The report notes that wallet addresses, which Chainalysis analysts estimate are controlled by users in China, accepted over $150 million in crypto transactions since January 2021. According to this indicator, China is second only to the United States.

However, the report emphasizes that while China remains one of the leading regions in the world in terms of the volume of illegal cryptocurrency transactions, its share in the global volume of transactions with illegal addresses fell sharply over the studied period, both in terms of raw value. and in comparison with other countries. Amid the tightening of crypto regulation, cryptocurrency-related crime plummeted in China.
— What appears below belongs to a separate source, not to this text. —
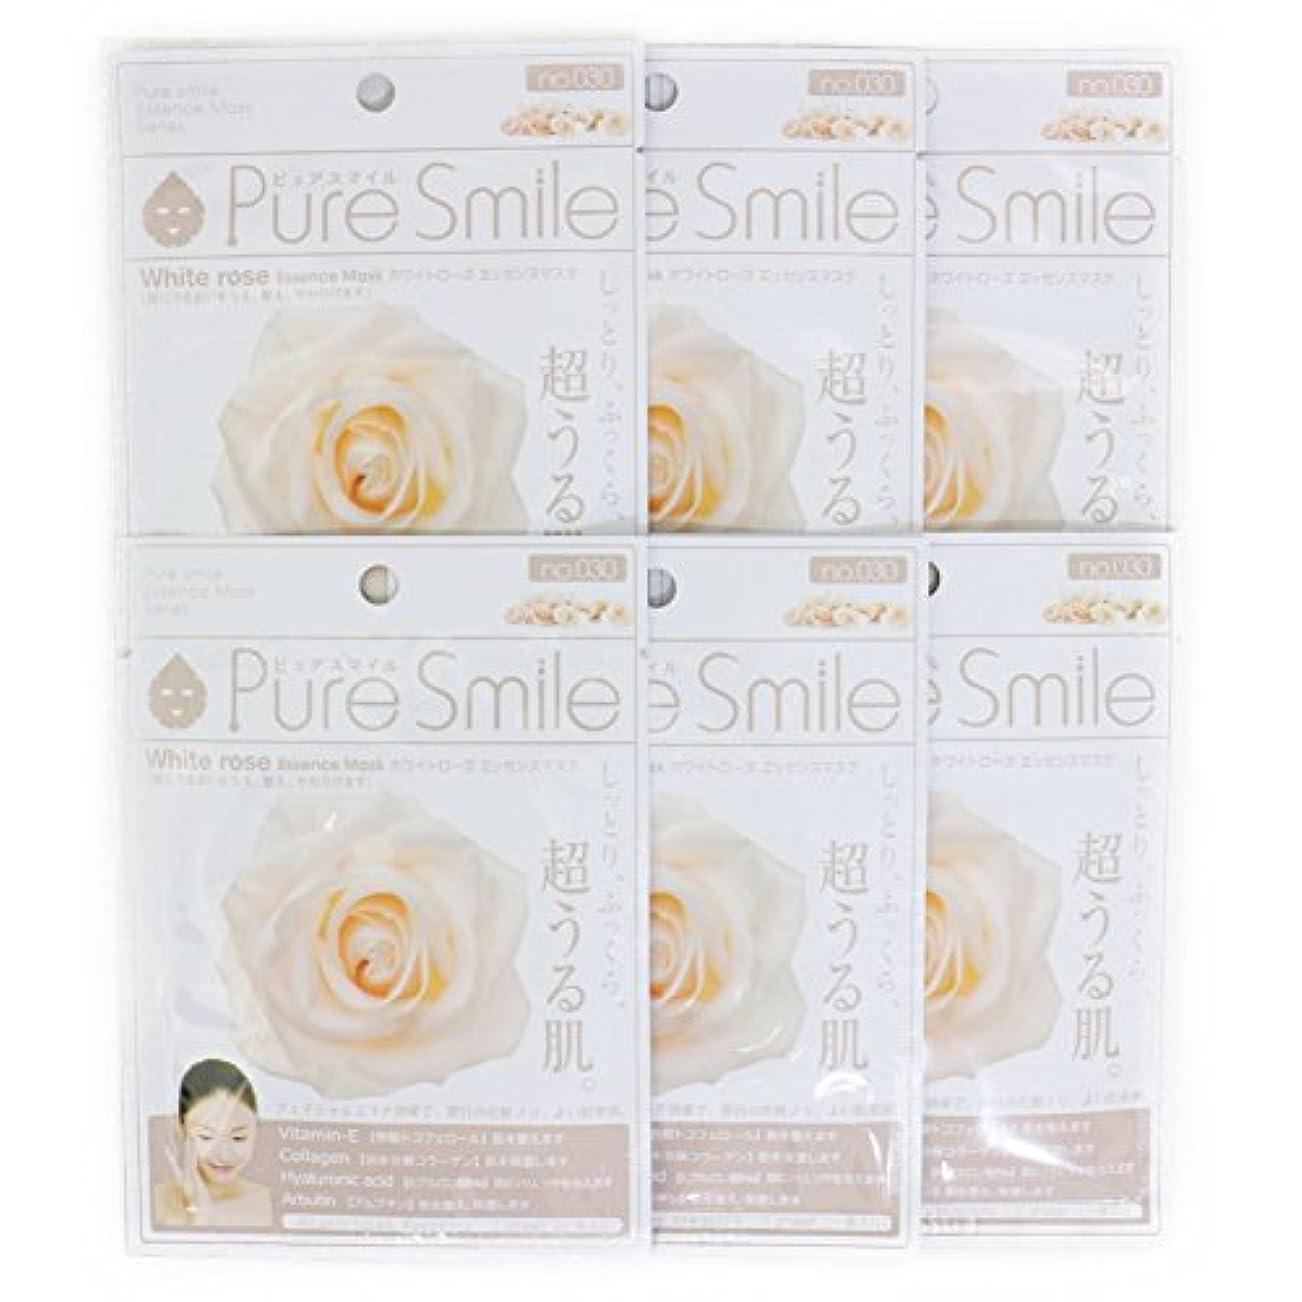 アライアンス欺健康的Pure Smile ピュアスマイル エッセンスマスク ホワイトローズ 6枚セット

The Chainalysis report also says that the digital yuan project that is developing in China may have the goal of tightening capital controls within the country. With the help of digital currency, the Chinese authorities will have the opportunity to exclude individuals and legal entities from the financial system for any violation. The centralized and government-controlled digital currency could become a tool of authoritarianism and tough financial oversight, analysts at Chainalysis add.